3 Replies Latest reply on Sep 2, 2013 5:40 AM by C.Cyrille

    Fast & Easy Migrate GPO Package to Landesk

    C.Cyrille Rookie

      Hi everybody,

       

      We use LDMS 9.0 SP3, we try to find an easy and fast solution to migrate our 1000+ GPO (user-based) package script to Landesk.

      Our GPO are .msi who are execute a .cmd script on network with custom actions parameters

      We can migrate .msi in Landesk but there is a problem with admin rights :

       

      In case of GPO, at execution of .msi at the opening session of the user, there is no admin rights problem because there is an auto elevation of the user to admin right. So, the script can execute setup, modify file of system, change ACL on directory, delete icon in alluser directory, etc …

       

      In case of .msi transferred to Landesk, there is two choice to execute .msi : Execute with Landesk Admin account, or User logged in :

      If we choose User logged in, script fail to execute setup, change ACL, access to alluserdirectory, etc …

      If we choose Landesk Admin account, variable %USERNAME%,  %USERPROFILE%, %APPDATA%, network share, etc … are wrong.

       

      Rewrite every script to separate the part to execute by admin account, and part to execute by logged user is real time killer. (remind 1000+ script of ten years history and probability to make script errors).

       

      I’m looking for an easy solution to promote temporary admin, user who are executing the .msi transferred to Landesk like MakeMeAdmin (http://blogs.msdn.com/b/aaron_margosis/archive/2004/07/24/193721.aspx) but I loose silent install … and user need to know admin local password.

       

      Other way is to force %USERNAME%, %USERPROFILE , etc … when executing package by Landesk Admin Account by how easy automatising this?

       

      Do you have and idea? Thanks.

        • 1. Re: Fast & Easy Migrate GPO Package to Landesk
          Apprentice

          The LANDesk health check script will probably meet your need. It will run as the computer SYSTEM context during startup.

           

          http://community.landesk.com/support/docs/DOC-23053

           

          or, assign the advance agent MSI to the GPO (I don't recommend this option).

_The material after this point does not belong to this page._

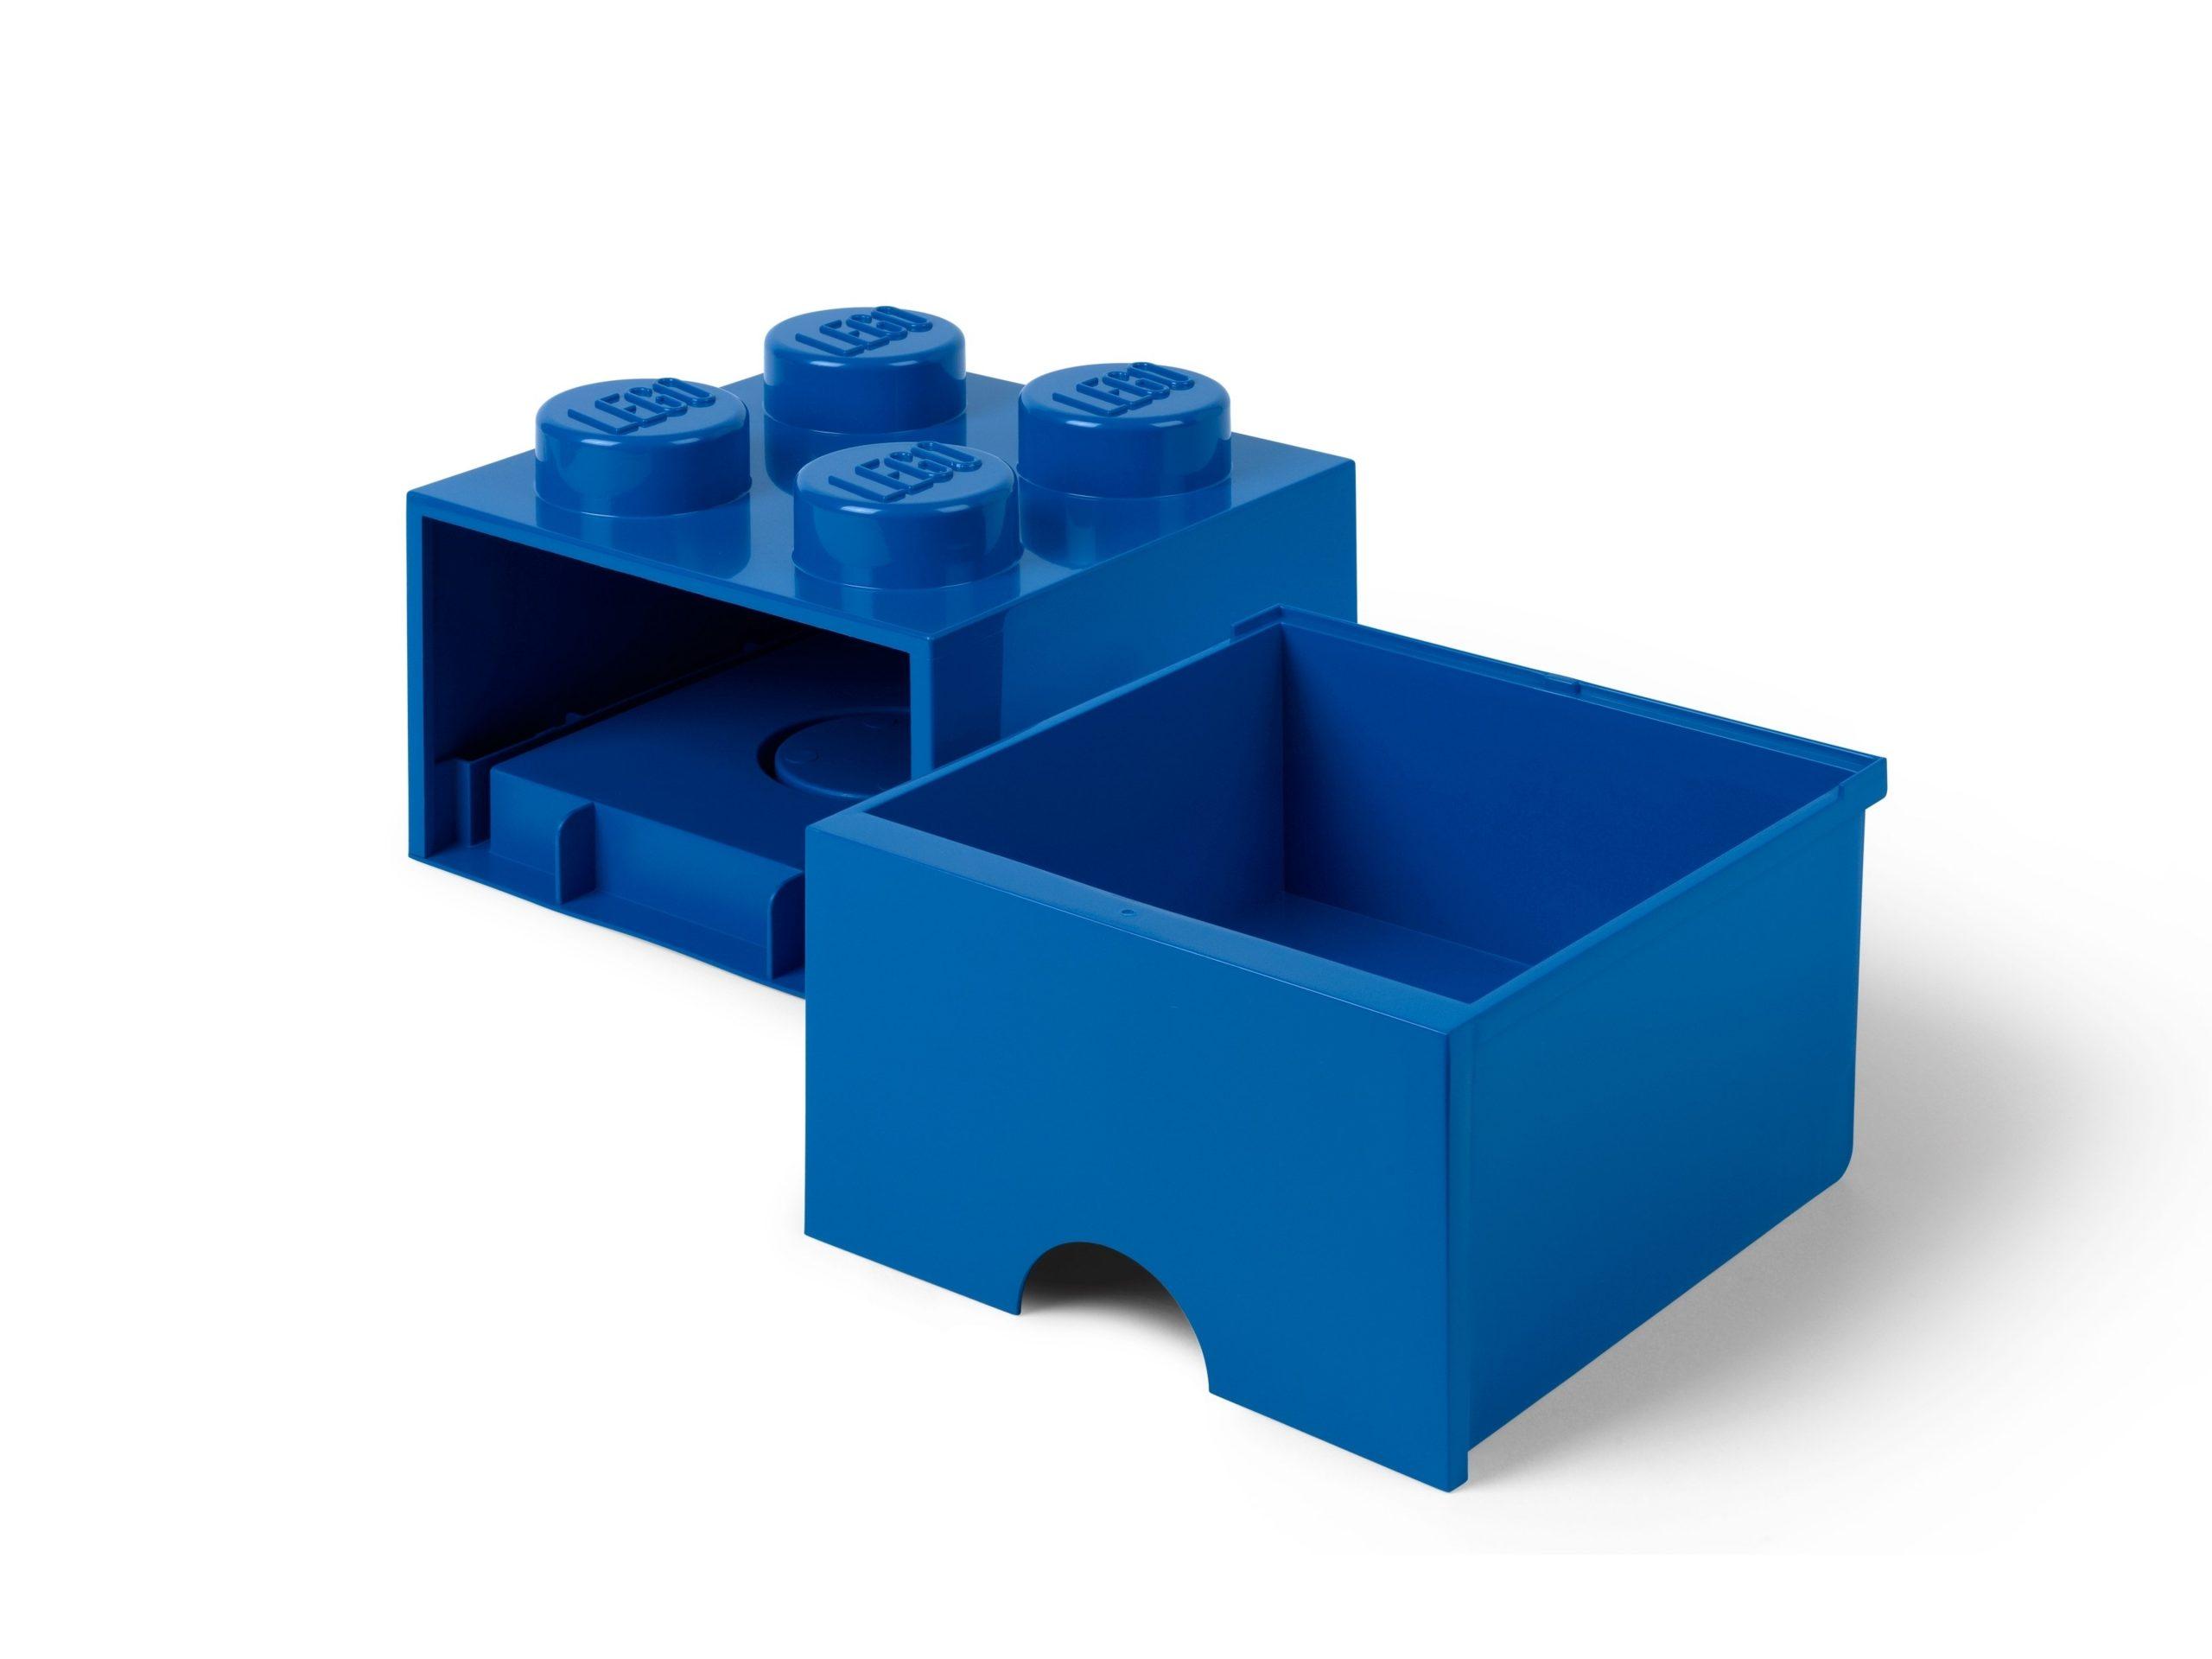 lego 5005403 4 stud bright blue storage brick drawer scaled

          • 2. Re: Fast & Easy Migrate GPO Package to Landesk
            synsa Specialist

            From your post I gather that you are migrating your distribution packages from GPO to Landesk and that some of the packages require editing user profile data?

             

            Both Landesk and GPO installs should both be using the SYSTEM account so I guess where I'm confused is, if you are using MSI then it should be installing the same.  Any variables / data changes to APPDATA, USERPROFILE, or HKCU should still be done by the MSI and the ALLUSERS=1 flag.

             

            I guess what I'm trying to understand is have you come up against an issue that your MSI's are no longer working and are just looking for a workaround of temporarily elevating user admin rights?  I have personally never attempted this type of workaround as it shouldn't be necessary.

             

            Let us know and hopefully can help sort the issue instead of forcing a workaround.

            1 of 1 people found this helpful
            • 3. Re: Fast & Easy Migrate GPO Package to Landesk
              C.Cyrille Rookie

              Thanks for answer,

               

              I’m looking for a workaround of temporarily elevating user admin rights.

               

              Our .msi are not real msi. Its “package” made by Windows Installer Wrapper Wizard for execute network script (.cmd).

               

              Here an example of a .cmd :

              - Install Setup from \\network …

              - Remove link in alluser startup menu and desktop

              - Create custom link in logged %username% startup menu

              - Import .reg in HKCU for auto configure application parameters

              - Copy files from network to %appdata% for auto configure applications parameters

              - Make xcals on %programfiles%\application to grant to %username% full access on application directory

              - Etc …

               

              Theses actions cant be executed by a limited user.

               

              I’m looking for launch .msi with admin rights but in the logged user environnement.

              I’m actually testing Psexec, Cpau, Xrunas, etc …but looking for the best “easy” solution.